◆ About this task:
It would help if you retyped the data exactly, leaving out the pictures.

◆ Collected material:
[Start of section]

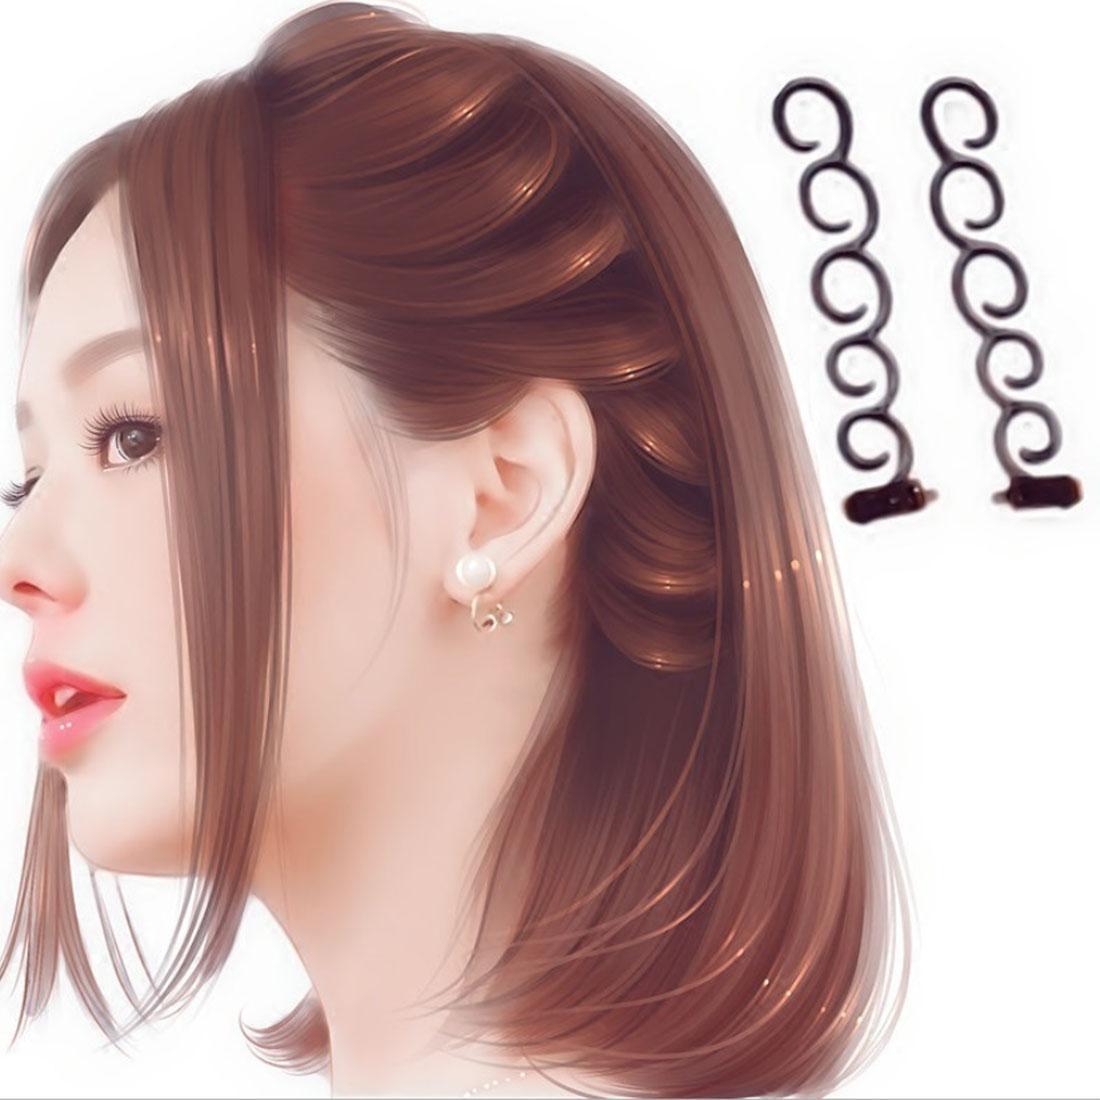 Blume Magie Haarspange Stylist Queue Twist Zopf Diy Frisur Styling Zubehör Zufällige Farbe Französisch Eleganz Haar Flechter 10 stücke Weihnachten
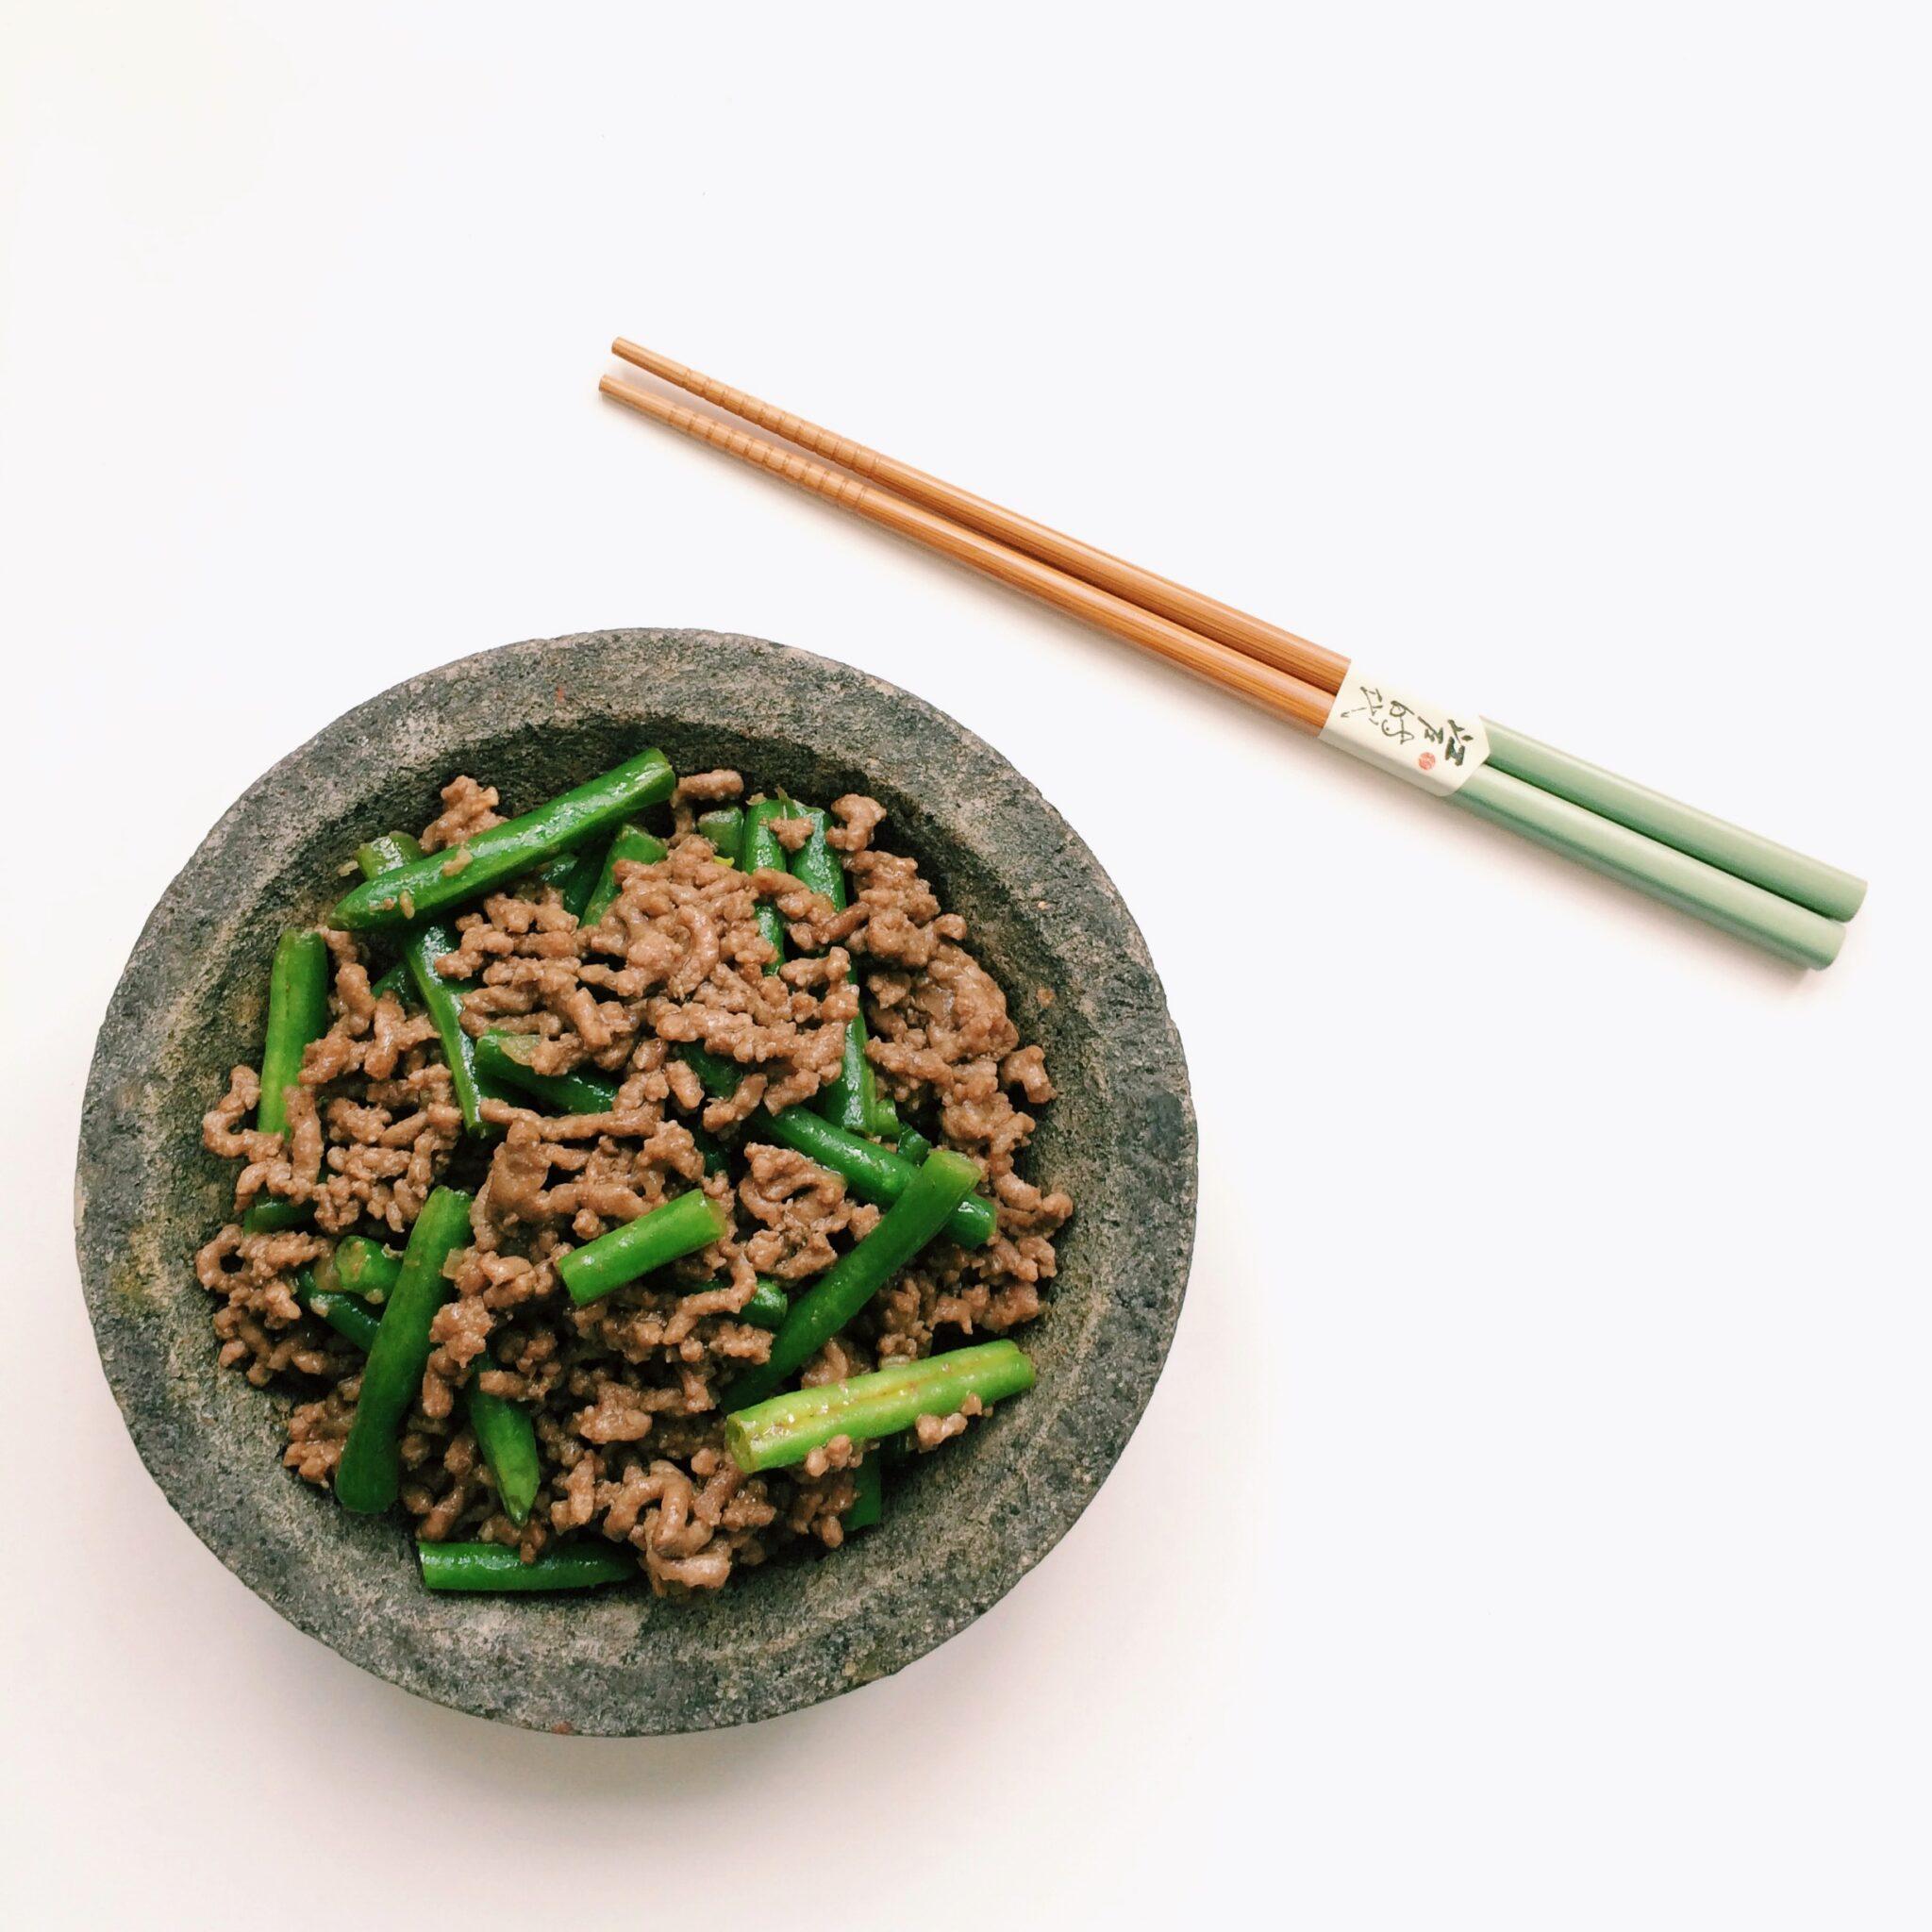 IMG 9629 - Chinees gehakt met sperziebonen
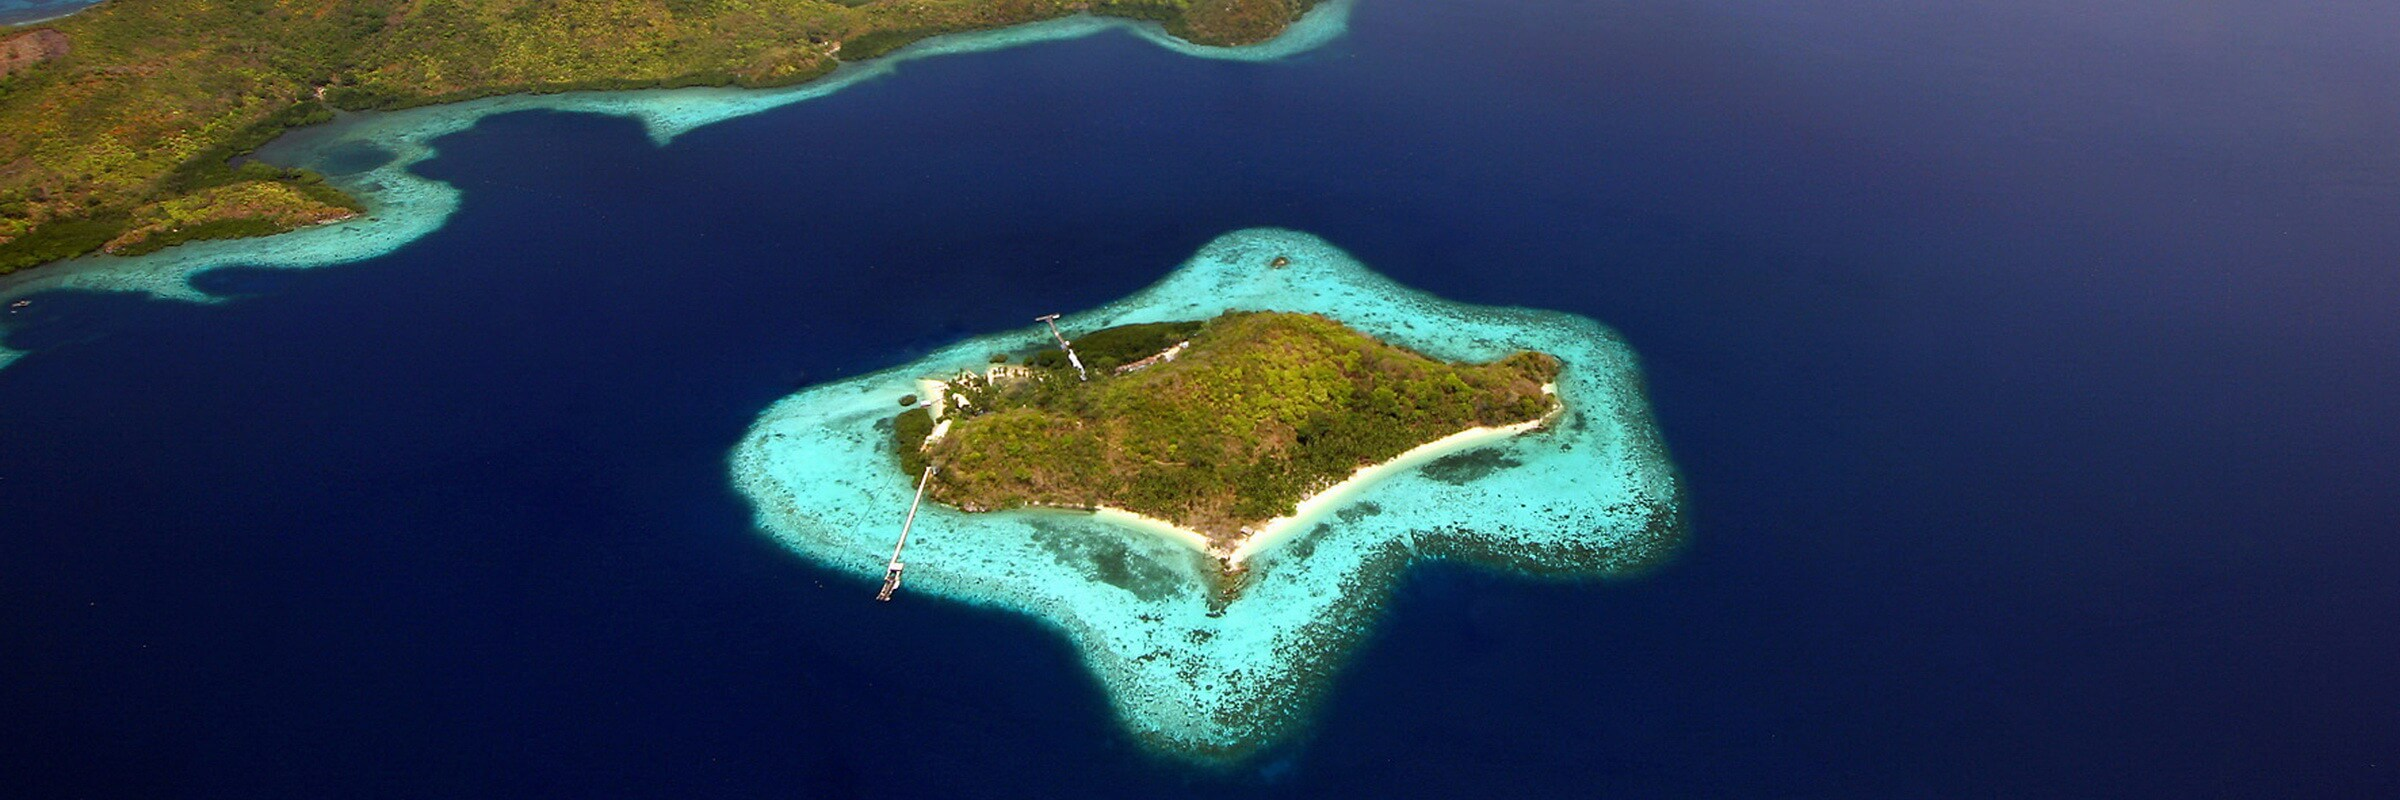 Palawan, das philippinisches Inselparadies ist ein grünes Juwel

[End of section]

◆ Result:
 Blume Magie Haarspange Stylist Queue Twist Zopf Diy Frisur Styling Zubehör Zufällige Farbe Französisch Eleganz Haar Flechter 10 stücke Weihnachten
 IMG 9629 - Chinees gehakt met sperziebonen
 Palawan, das philippinisches Inselparadies ist ein grünes Juwel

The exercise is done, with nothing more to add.